The Society of Shakers believed in the direct inspiration of the Spirit. This is one belief that the Shakers shared with the Society of Friends (aka Quakers). Another theological similarity between Shakers and Quakers is an emphasis on “The Lamb’s War,” the internal mystical struggle of a believer in his/her journey towards greater righteousness and spiritual perfection.
Instead of interpreting the violent symbols and complexities of The Book of Revelation as outward and historical events which will occur in the future, these two groups have interpreted Revelation as a deeply spiritual and mystical book, which attempts to illustrate the struggles of an inward transformation; the “crucifixion” of the old natural self.
This belief in the inward apocalyptic upheaval is inspired by an allegorical interpretation of the war-like descriptions of the “end of days” found in Revelation. The direct presence of Christ, envisioned as a warrior, is bringing hope of triumph to the believer struggling to defeat inward sin and unhealthy inclinations. The old life is being conquered; a new life is emerging and will be triumphant. “The end of days,” the end of the believer’s sinful world as s/he knows it, is in the process of transformation and her/his new world is immanent. The struggle is not easy; it is often painful if not anguishing. St. Paul certainly knew how hard it was to conquer oneself: “We know that the law is spiritual; but am unspiritual, sold as a slave to sin. “I do not understand what I do; for what I want to do I do not do, but what I hate I do” (Romans: 7:14ff). Ah! This is the universal experience of humankind!
The Book of Revelation is interpreted in the Shaker and Quaker traditions as a book of hope; hope in the continual conversion of believers and, by extension, the world. One of the central and radical beliefs of the Shakers was that one could actually live sinlessly in a spiritual Zion in this life by the maintenance of a pure and sinless inner life that is continually experiencing renewal. Indeed, this is how the Shakers understood their utopian communities. Their villages were Zion’s, localized appearances of heaven on earth, where the saints on earth lived separate from the world. A believer, like St.
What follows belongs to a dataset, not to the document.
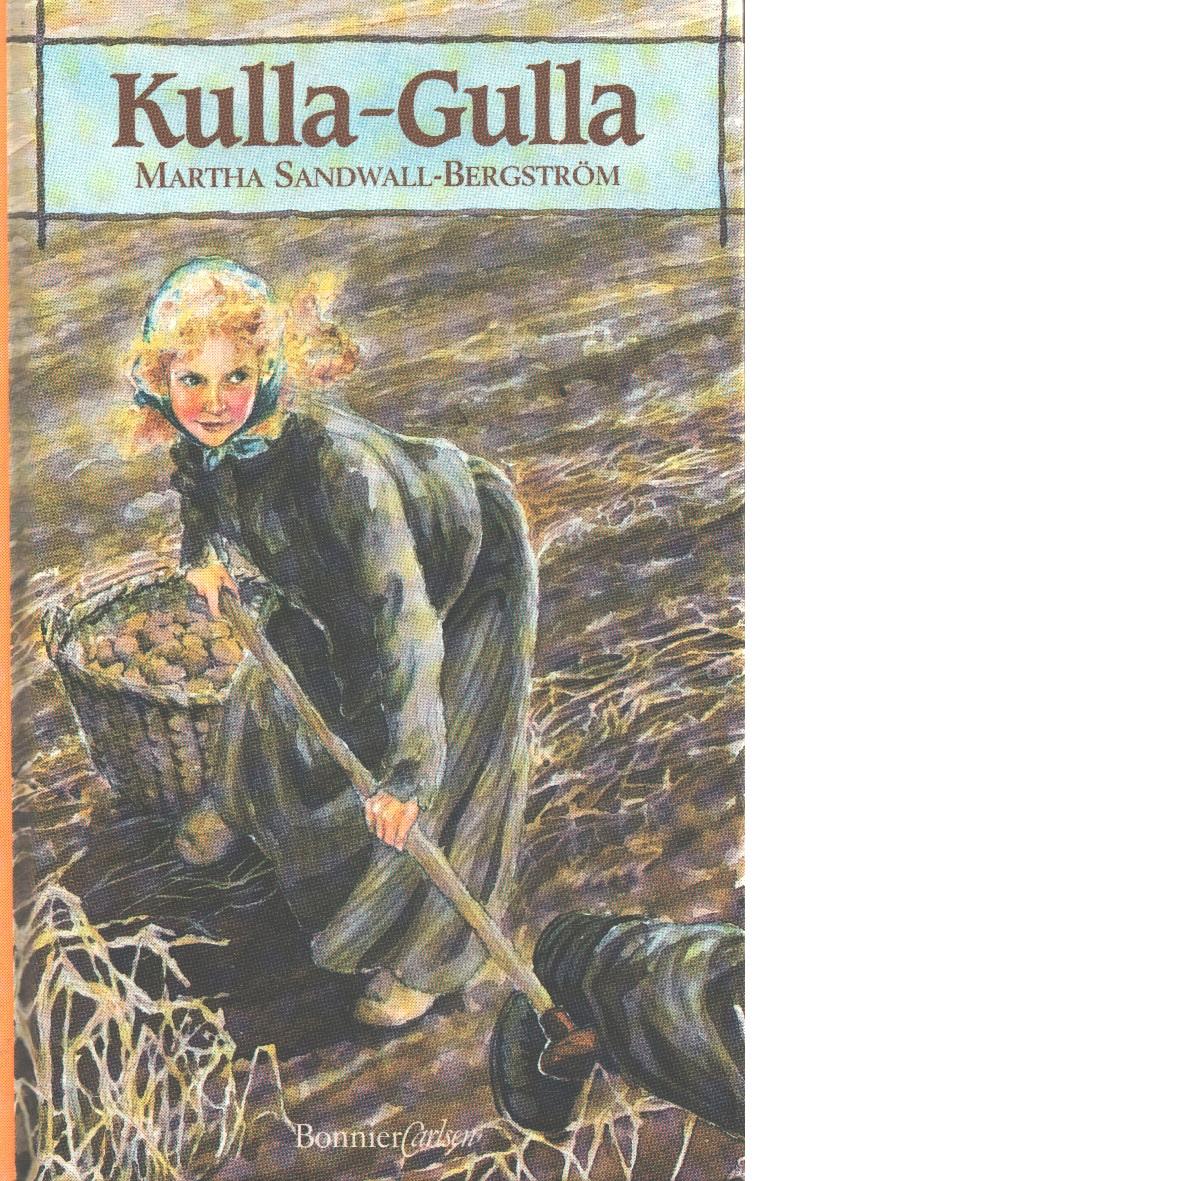 Kulla-Gulla - Sandwall-Bergström, Martha

John of Patmos would “behold, a door opened in heaven, and the first voice that I heard, a voice as of a trumpet speaking with me, one saying, Come up hither, and I will show thee the things which must come to pass hereafter” (Rev. 4:1). The believer is called to walk through the door, a spiritual gateway, into a heavenly existence even though still living on earth. Come up hither (out of your lower human nature into your higher spiritual nature) into the healing influence of the Light of Christ and live the transforming life. Be an instrument of God living the communal life with other believers and be collectively instruments of witness to the world, be Light in the Darkness. Shaker villages were to be cities that are on hills, which cannot be hidden (see, Matthew 5:14) enlightening the world.
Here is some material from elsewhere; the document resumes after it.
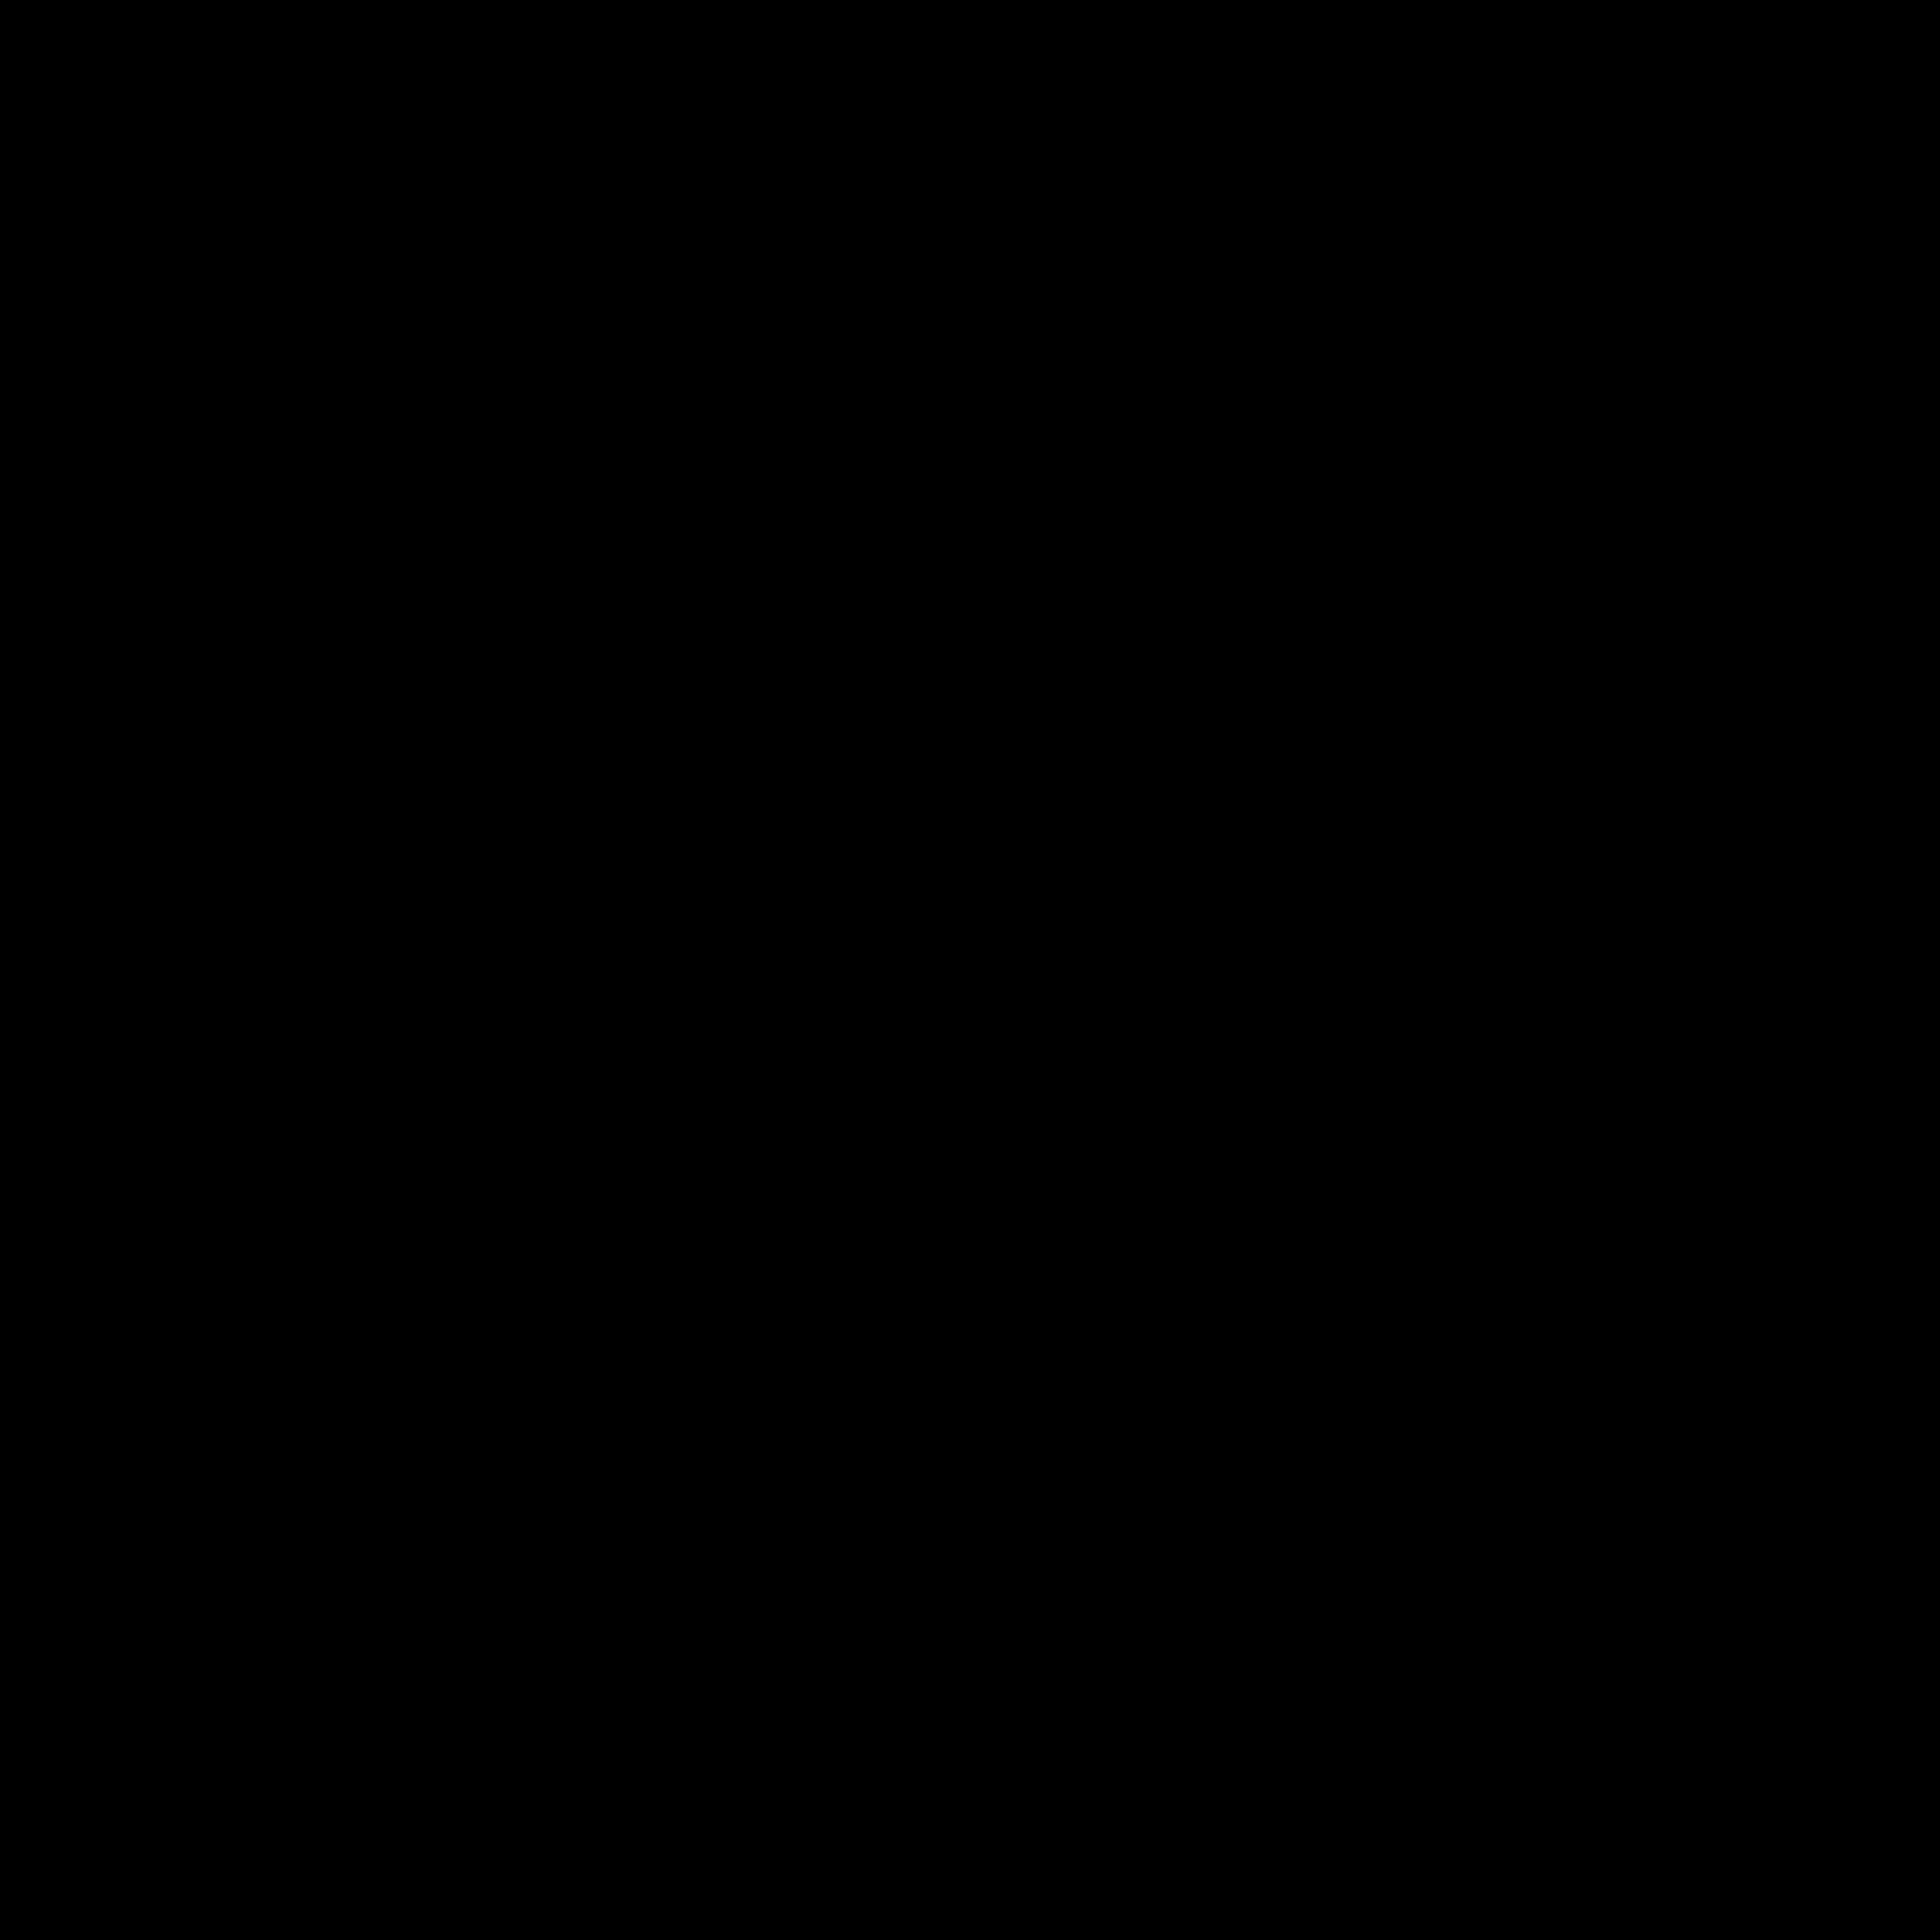 sensore CMOS APS-H

The Shaker spirit drawing above, is one of my favorites. A copy of it hangs over my computer desk in my library. The drawing illustrates the following passage in Revelation:
22:1And he showed me a river of water of life, bright as crystal, proceeding out of the throne of God and of the Lamb, 22:2in the midst of the street thereof. And on this side of the river and on that was the tree of life, bearing twelve manner of fruits, yielding its fruit every month: and the leaves of the tree were for the healing of the nations. 22:3And there shall be no curse any more: and the throne of God and of the Lamb shall be therein: and his servants shall serve him; 22:4and they shall see his face; and his name shall be on their foreheads. 22:5And there shall be night no more; and they need no light of lamp, neither light of sun; for the Lord God shall give them light: and they shall reign for ever and ever. 22:6And he said unto me, These words are faithful and true: and the Lord, the God of the spirits of the prophets, sent his angels to show unto his servants the things which must shortly come to pass (Rev. 22:1-6).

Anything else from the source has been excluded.